DUNIA
Trump Mau Hapus Nama Mexico dari Peta AS
AKTUALITAS.ID – Presiden Amerika Serikat Donald Trump kembali membuat gebrakan kontroversial. Kali ini, Trump mengusulkan perubahan nama negara bagian New Mexico menjadi “New America”.
Usulan tersebut kembali memicu sorotan publik, terutama karena muncul hanya beberapa hari setelah Trump menandatangani perintah eksekutif untuk mengganti nama Danau Ontario di perbatasan Amerika Serikat dan Kanada menjadi “Danau Amerika”, di tengah ketegangan hubungan dagang kedua negara.
Trump melontarkan gagasan terbarunya melalui unggahan media sosial pada Minggu (6/9/2026) waktu setempat.
“Banyak orang menyarankan untuk mengubah nama New Mexico… menjadi NEW AMERICA,” tulis Trump.
Menurut Trump, nama baru tersebut dianggap lebih bergengsi dan indah bagi negara bagian yang disebutnya memiliki potensi luar biasa.
“Jauh lebih bergengsi dan indah bagi penduduk negara bagian yang berpotensi luar biasa itu. Wow, saya menyukainya!!!” lanjut Trump.
Tak lama setelah unggahan tersebut, Gedung Putih ikut mengunggah ulang sebuah gambar yang memperlihatkan kata “Mexico” pada nama New Mexico dicoret dan diganti dengan kata “America”.
Namun, gagasan itu langsung mendapat penolakan keras dari Gubernur New Mexico, Michelle Lujan Grisham.
Grisham menegaskan bahwa nama New Mexico bukan sesuatu yang bisa diubah seenaknya.

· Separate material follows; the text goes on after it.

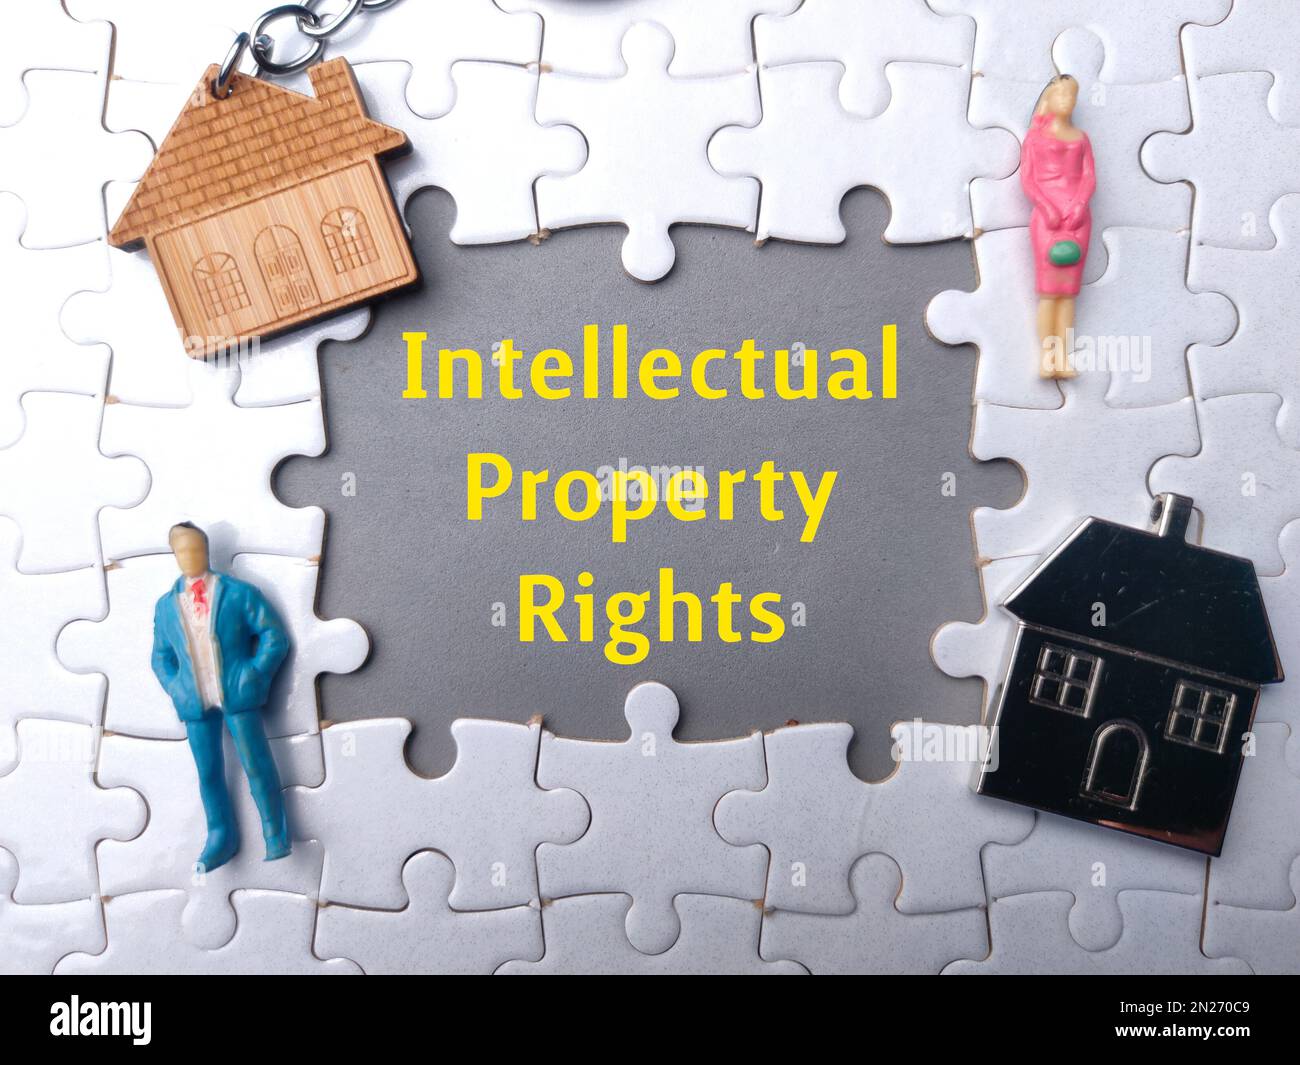 Text Intellectual Property Rights mit Miniature People and Toys House. Geschäftskonzept Stockfoto

Dalam keterangannya kepada media AS, ia menyebut nama tersebut memiliki sejarah panjang, bahkan sudah ada sebelum Amerika Serikat berdiri.
“Nama itu sudah menjadi milik kita sebelum Amerika Serikat terbentuk,” tegas Grisham.
Gubernur yang telah memimpin New Mexico sejak 2019 itu juga menilai usulan Trump sebagai upaya untuk mengalihkan perhatian publik dari persoalan lain yang tengah dihadapi masyarakat Amerika.
Menurutnya, Trump lebih memilih memunculkan kontroversi baru ketimbang membahas persoalan ekonomi, termasuk kenaikan harga bahan bakar.
Sejumlah media di Amerika Serikat bahkan melaporkan bahwa gagasan perubahan nama New Mexico tersebut awalnya beredar sebagai hoaks di internet sebelum kemudian diangkat langsung oleh Trump.
Usulan mengganti nama wilayah bukan kali pertama dilakukan Trump.
Pekan lalu, Trump sempat melontarkan gagasan untuk mengubah nama Selat Hormuz menjadi “Selat Trump” di tengah meningkatnya ketegangan dengan Iran. Namun, beberapa jam kemudian Trump mengisyaratkan bahwa dirinya tidak sepenuhnya serius dengan gagasan tersebut.
Sebelumnya, Trump juga telah mengambil langkah kontroversial dengan mengganti nama Teluk Meksiko menjadi Teluk Amerika pada hari pertama masa jabatan keduanya di Gedung Putih pada 2025.
Kebijakan itu mendapat penolakan keras dari Meksiko.
Kini, gagasan mengganti nama New Mexico menjadi “New America” kembali menambah daftar kontroversi Trump terkait perubahan nama wilayah.
Bagi Trump, pergantian nama tampaknya menjadi bagian dari simbol politik dan kebanggaan nasional. Namun bagi para pengkritiknya, langkah tersebut justru dianggap sebagai manuver kontroversial yang mengundang kegaduhan dan mengalihkan perhatian publik dari persoalan yang lebih mendesak.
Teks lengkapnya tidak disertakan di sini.